The Wars Robert Gates Got Wrong by Jonathan Alter, The New Yorker
Robert Gates’s well-reviewed memoir of his years as Defense Secretary, “Duty,” débuted this week at number one on the New York Times best-sellers list, and it’s not hard to see why. Besides being a highly respected member of both the Bush and Obama cabinets, Gates appeals to readers on both sides of the great partisan divide, though more so to Republicans (his tribe), who buy more political books than Democrats do. The sincerity of his love for the troops, and the patriotism that led him to stay on and work for President Obama, give the book heart. It helps that “Duty” is bracing and vivid and made headlines for its trashing of Congress and its tart depictions of major players, especially Vice President Joe Biden. The flap over whether it was right for Gates to publish while the President he served remained in office was ahistorical: government officials have been doing so at least since Raymond Moley wrote “After Seven Years,” in 1939. Franklin Roosevelt described Moley’s book as “kiss ass and tell.”

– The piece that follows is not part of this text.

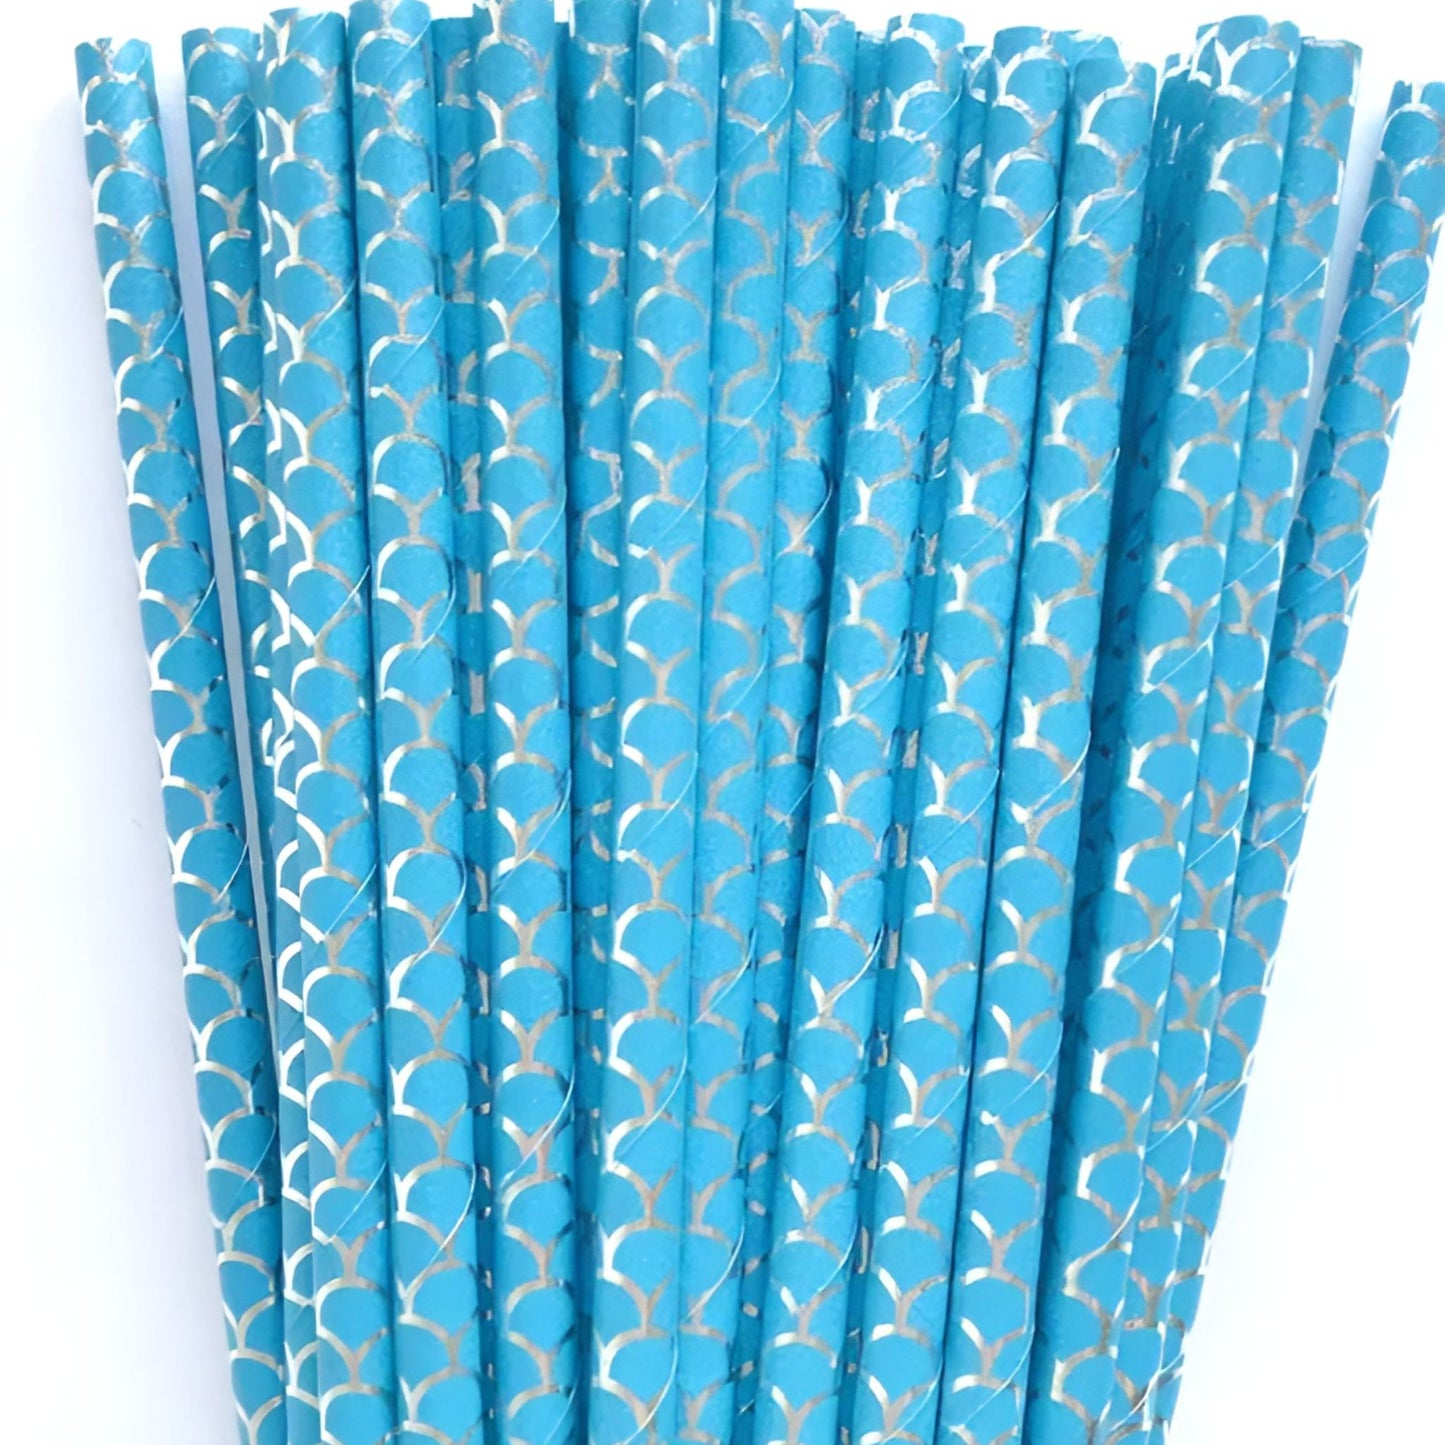 Mermaid pattern paper straws in blue and silver. 25 pack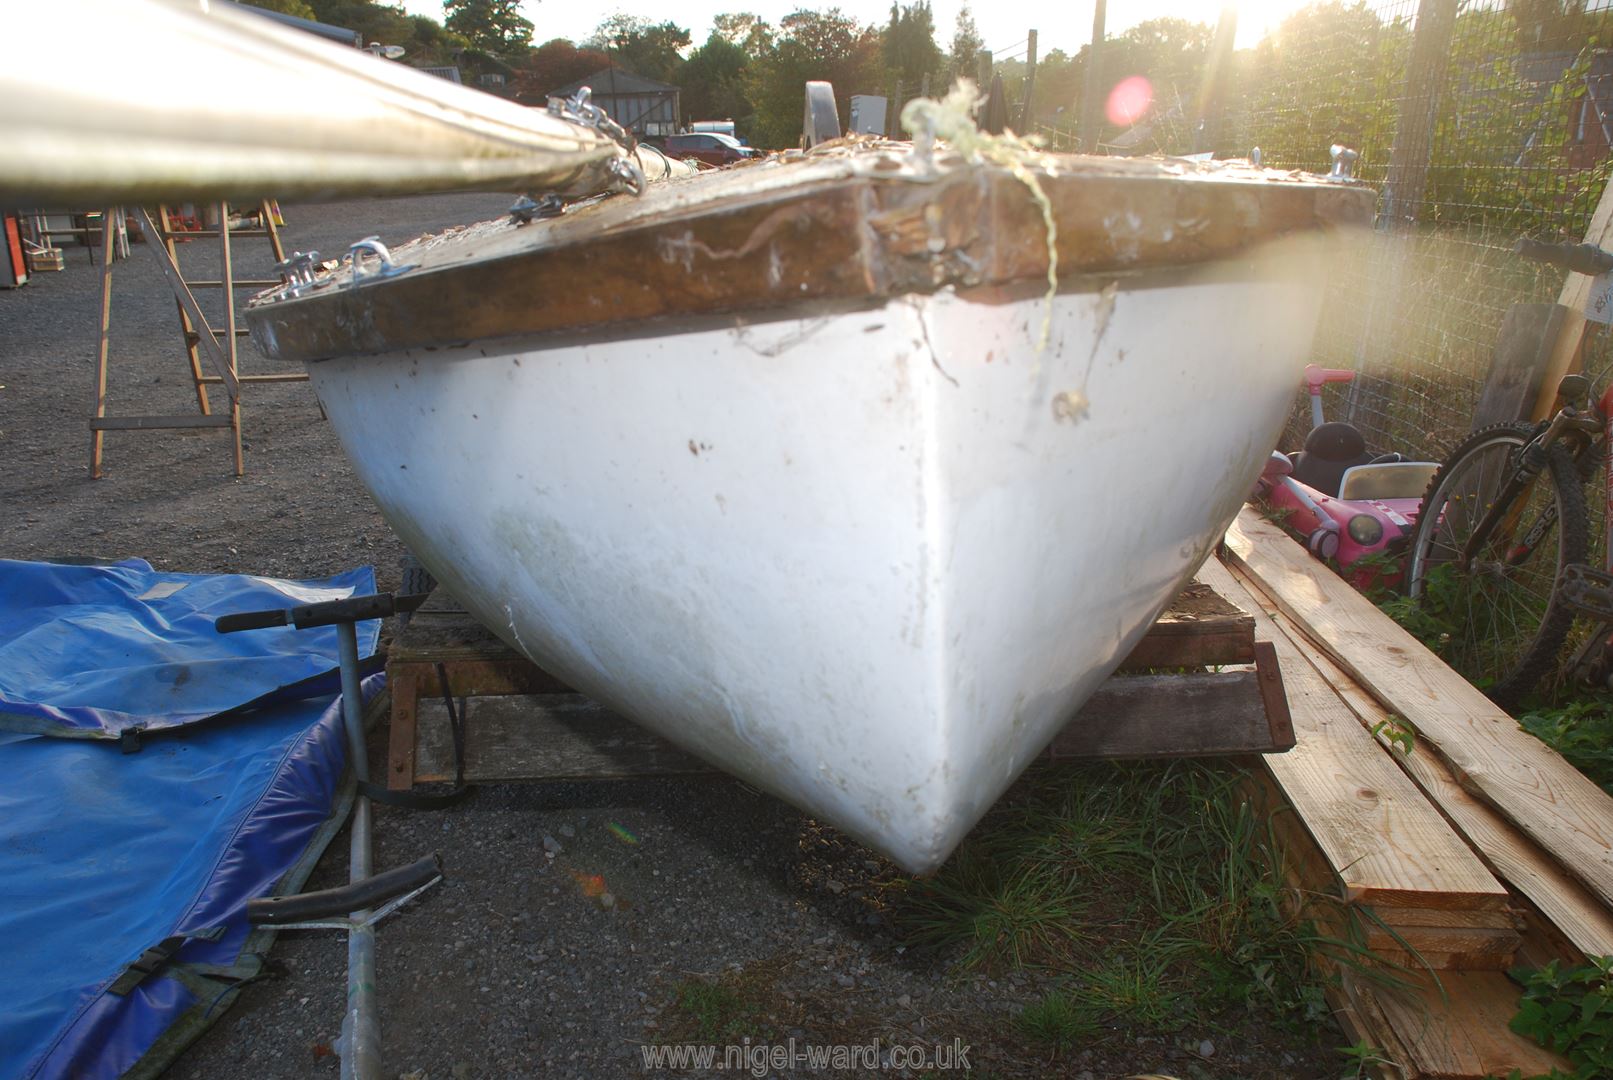 A glass fibre hulled sailing dinghy for restoration with 17' 2" high aluminium mast, fittings, - Image 10 of 14

Gates was not a kiss-ass but one of the shrewdest public servants of his generation—which helps to explain why his many failures and missed calls have been all but air-brushed out of accounts of his career. The best-known part of “Duty” comes when Gates writes that Biden was “simply impossible not to like” but “wrong on nearly every major foreign policy and national security issue over the past four decades.” As it happens, this verdict applies rather precisely to Gates himself…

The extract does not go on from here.